Option with the addition of liver

It should be noted that the snack cooked according to this recipe has a rather delicate taste. To prepare such a paste it is necessary to check in advance whether there is everything necessary in your refrigerator. In this case, you should have at your fingertips:

  • Seven hundred grams of pork.
  • A pound of beef.
  • One hundred grams of bread crumb.
  • One carrot and a bulb.
  • Two hundred grams of beef liver.
  • A couple of potato tubers.
  • Five peas of black pepper.

As additional components will be used salt, laurel and parsley root.

Algorithm of actions

Vegetables are washed, peeled and sent to a pan filled with water. There, too, pre-prepared and cut meat is placed. When the liquid boils, add to it lavrushku, salt, parsley root and a pea of black pepper. Meat with vegetables cover with a lid and leave to cook on the minimum fire for an hour. Then from the broth take the onions with carrots and add the washed liver to it. All this is cooked for about an hour.

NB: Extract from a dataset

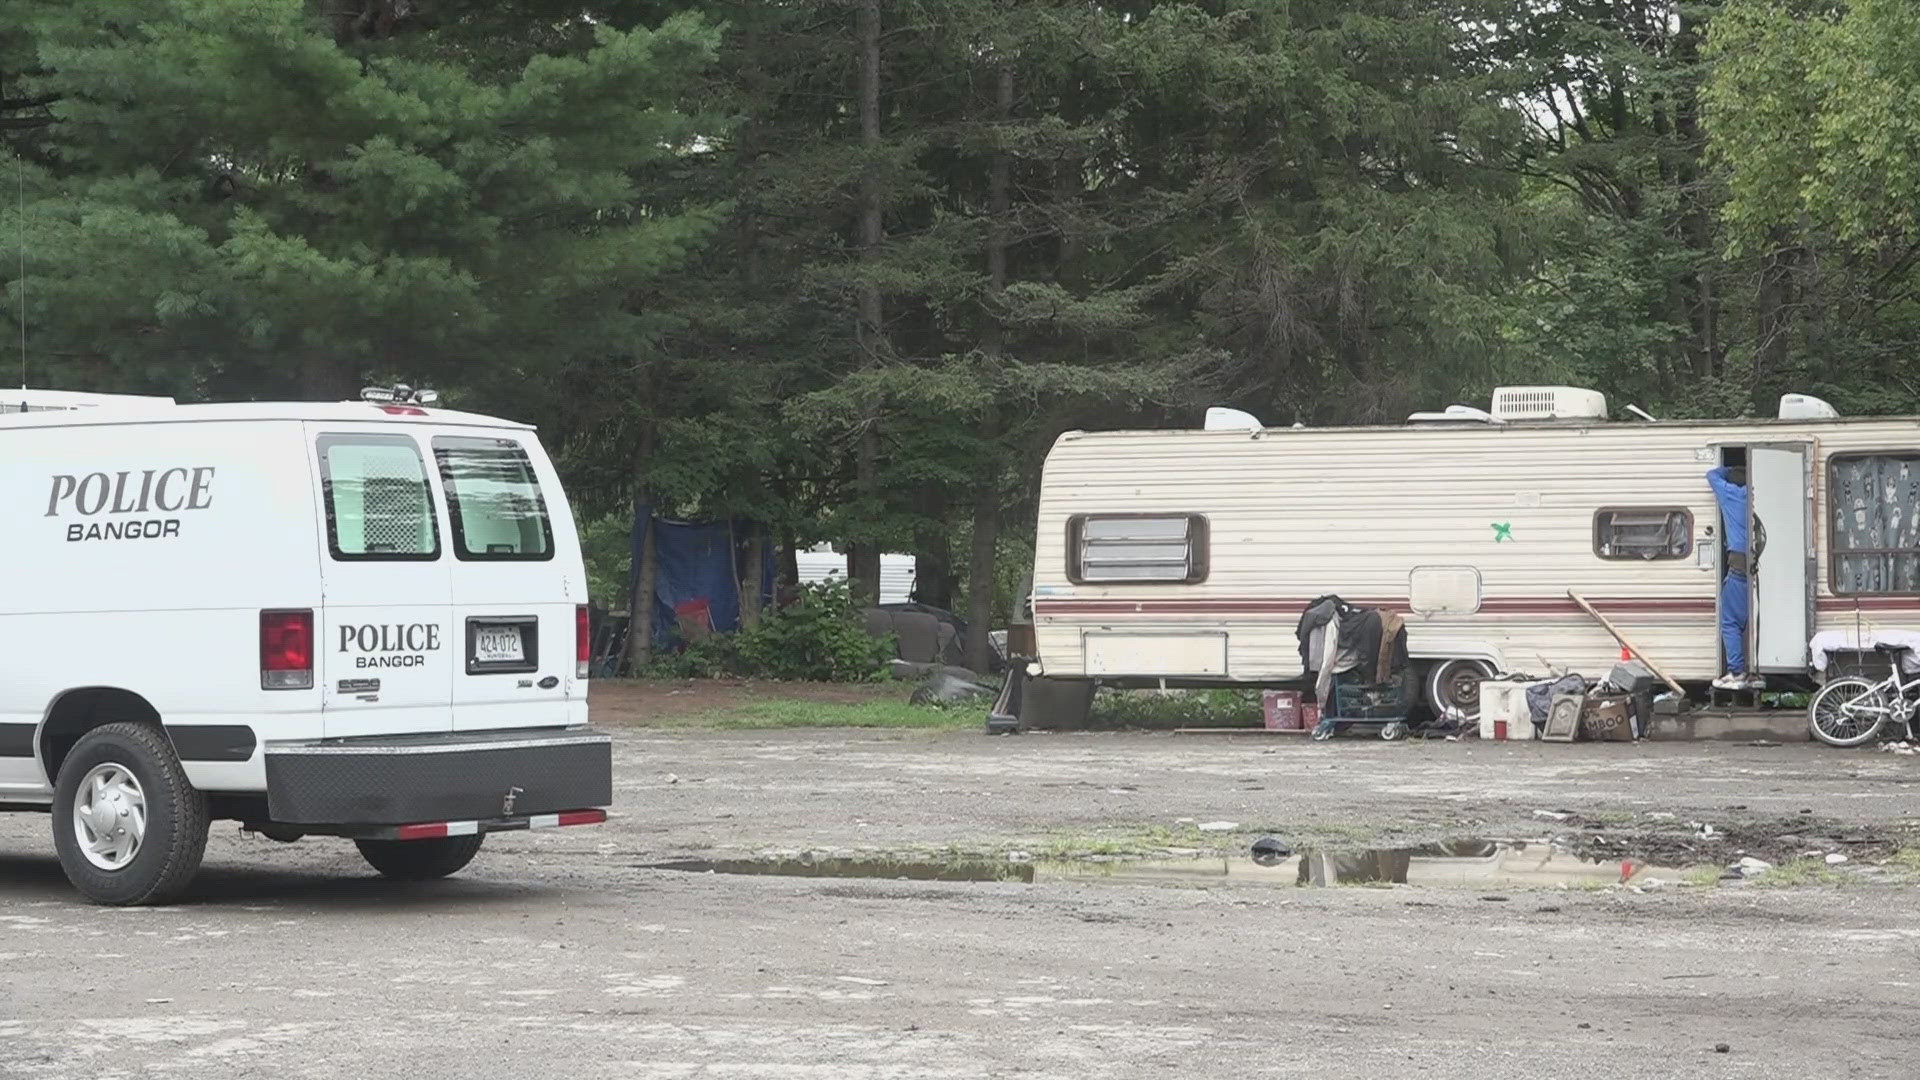 Police carried out a search warrant of an RV parked at the homeless encampment known as Camp Hope on Thursday, which led to the arrest of two individuals.

Ready meat is removed from the pan, cool it and grind it in a meat grinder. Similarly, with liver, vegetables and bread loaf soaked in broth. The ground ingredients are mixed in one container. After that, they are passed through the meat grinder three more times. Thanks to this, the meat pate will acquire an incredibly soft pasty consistency.

A ready-made snack is transferred to a hermetically sealed container and removed for further storage in the refrigerator. This pate is interesting because it can not only be spread on bread, but also used as a filling for a variety of pies.